» **Exercise brief**
An exact transcription of every record is needed, leaving out the pictures.

[Supplied information — start]

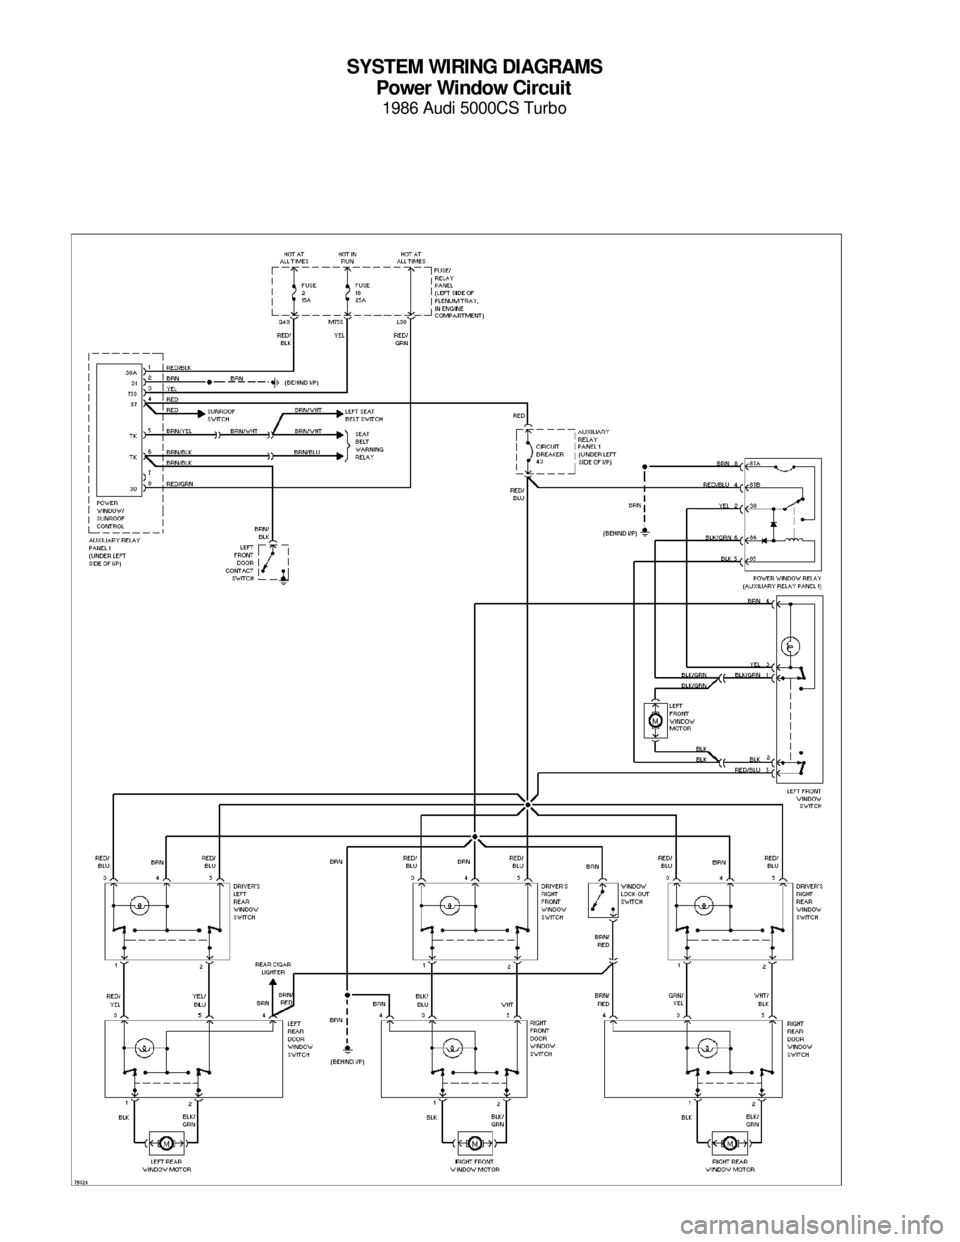 AUDI 5000CS 1986 C2 System Wiring Diagram SYSTEM WIRING DIAGRAMS
Power Window Circuit
1986 Audi 5000CS Turbo
For x    
Copyright © 1998 Mitchell Repair Information Company, LLCMonday, July 19, 2004  05:52PM 
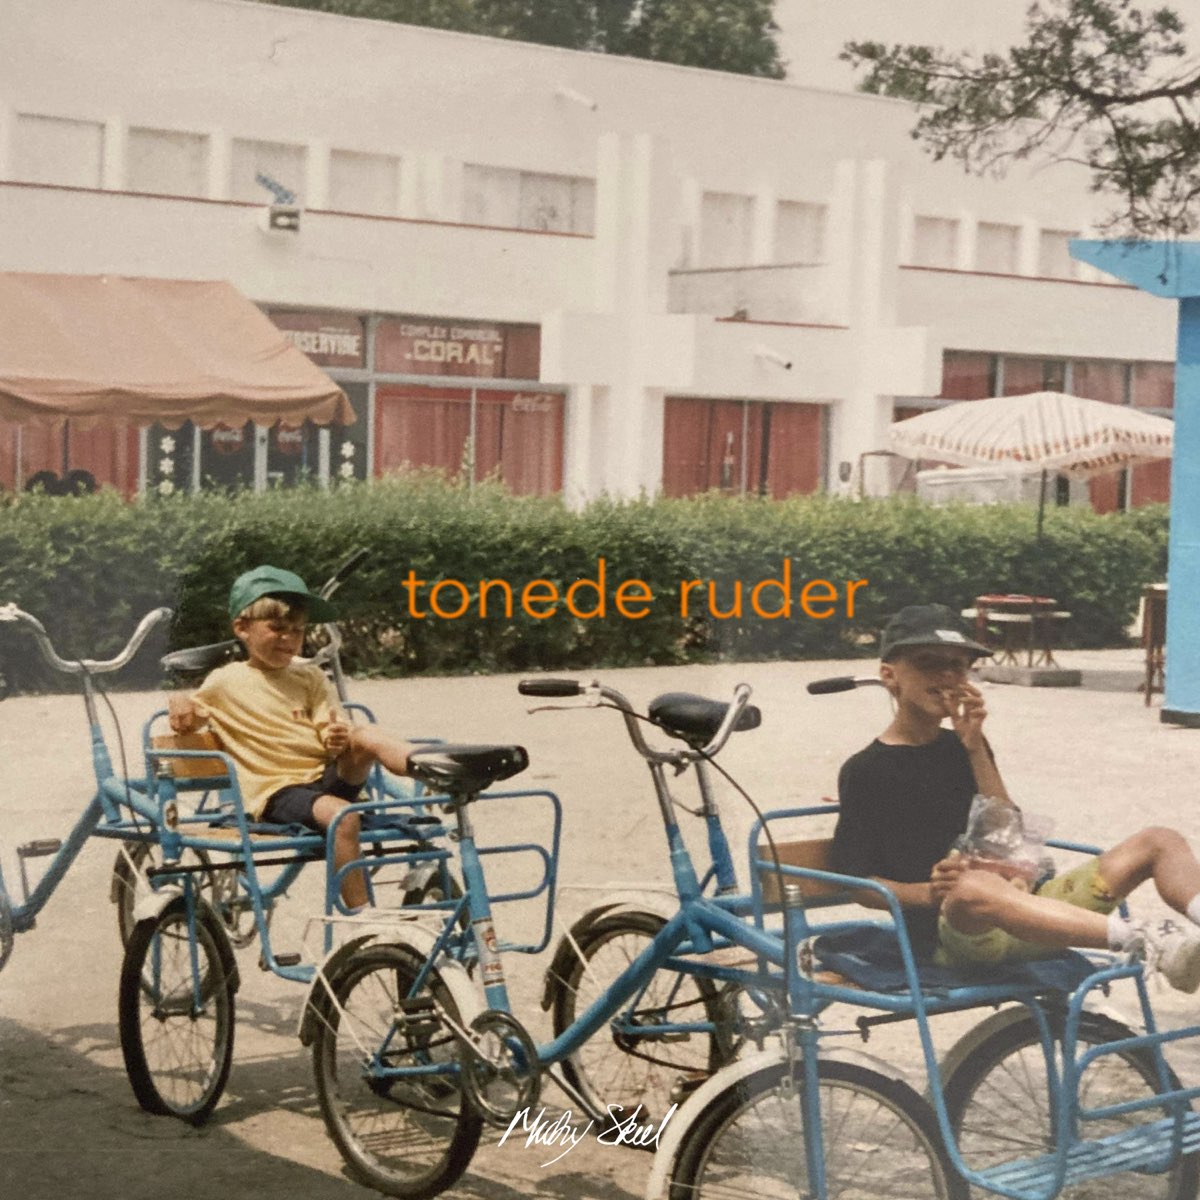 Tonede Ruder EP by Micky Skeel on Apple Music
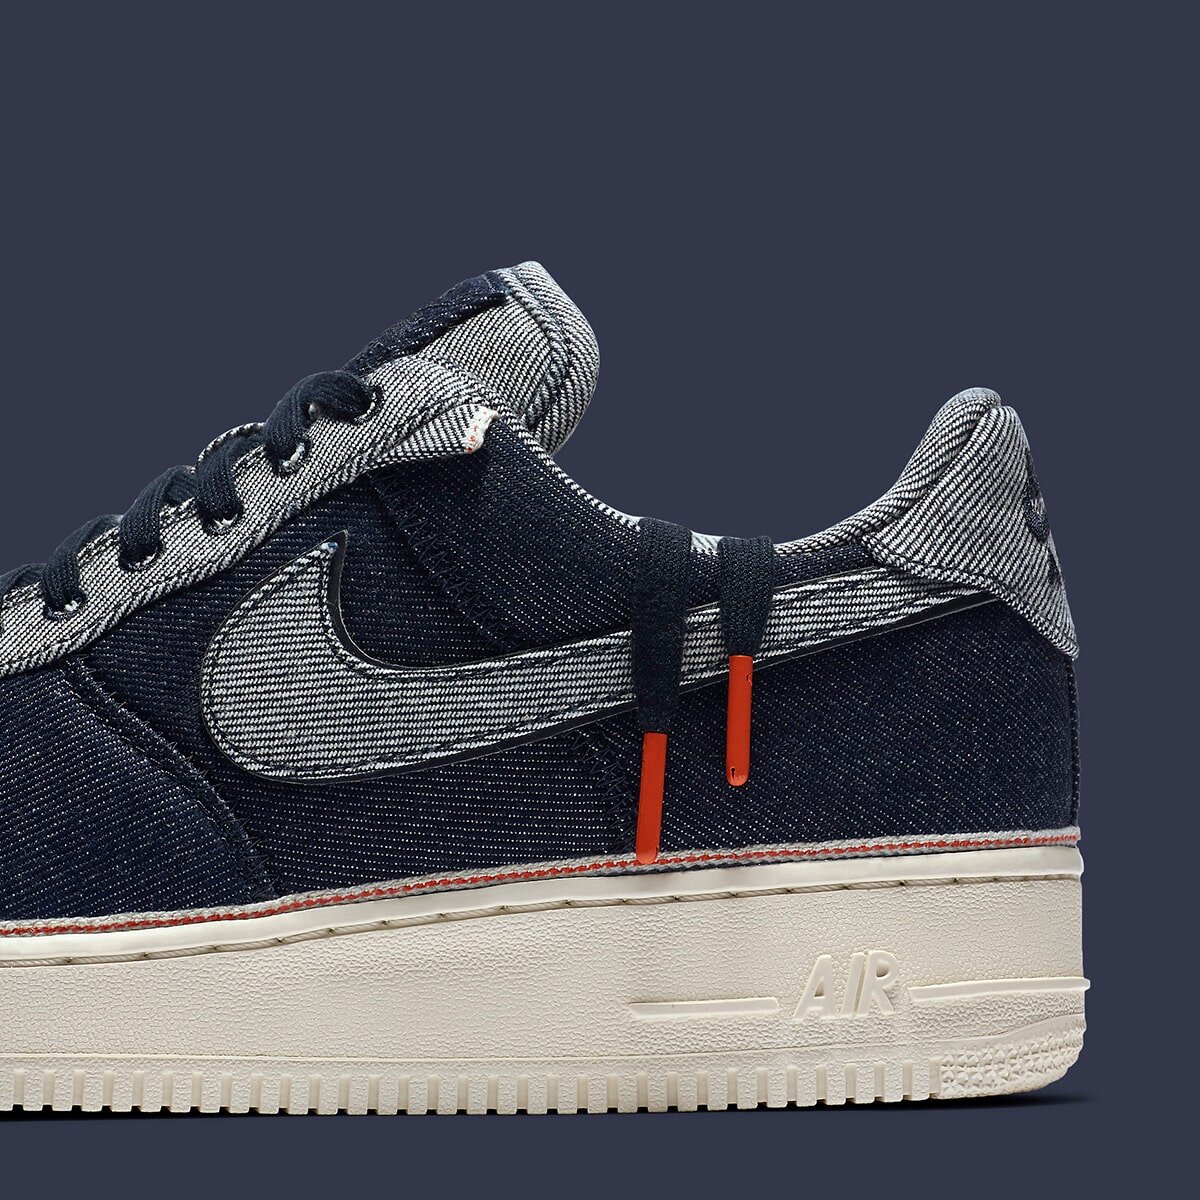 On Sale: Nike Air Force 1 Low Denim "Raw Indigo" — Sneaker Shouts

[Supplied information — finish]

» **Reply**
 AUDI 5000CS 1986 C2 System Wiring Diagram SYSTEM WIRING DIAGRAMS
Power Window Circuit
1986 Audi 5000CS Turbo
For x    
Copyright © 1998 Mitchell Repair Information Company, LLCMonday, July 19, 2004  05:52PM 
 Tonede Ruder EP by Micky Skeel on Apple Music
 On Sale: Nike Air Force 1 Low Denim "Raw Indigo" — Sneaker Shouts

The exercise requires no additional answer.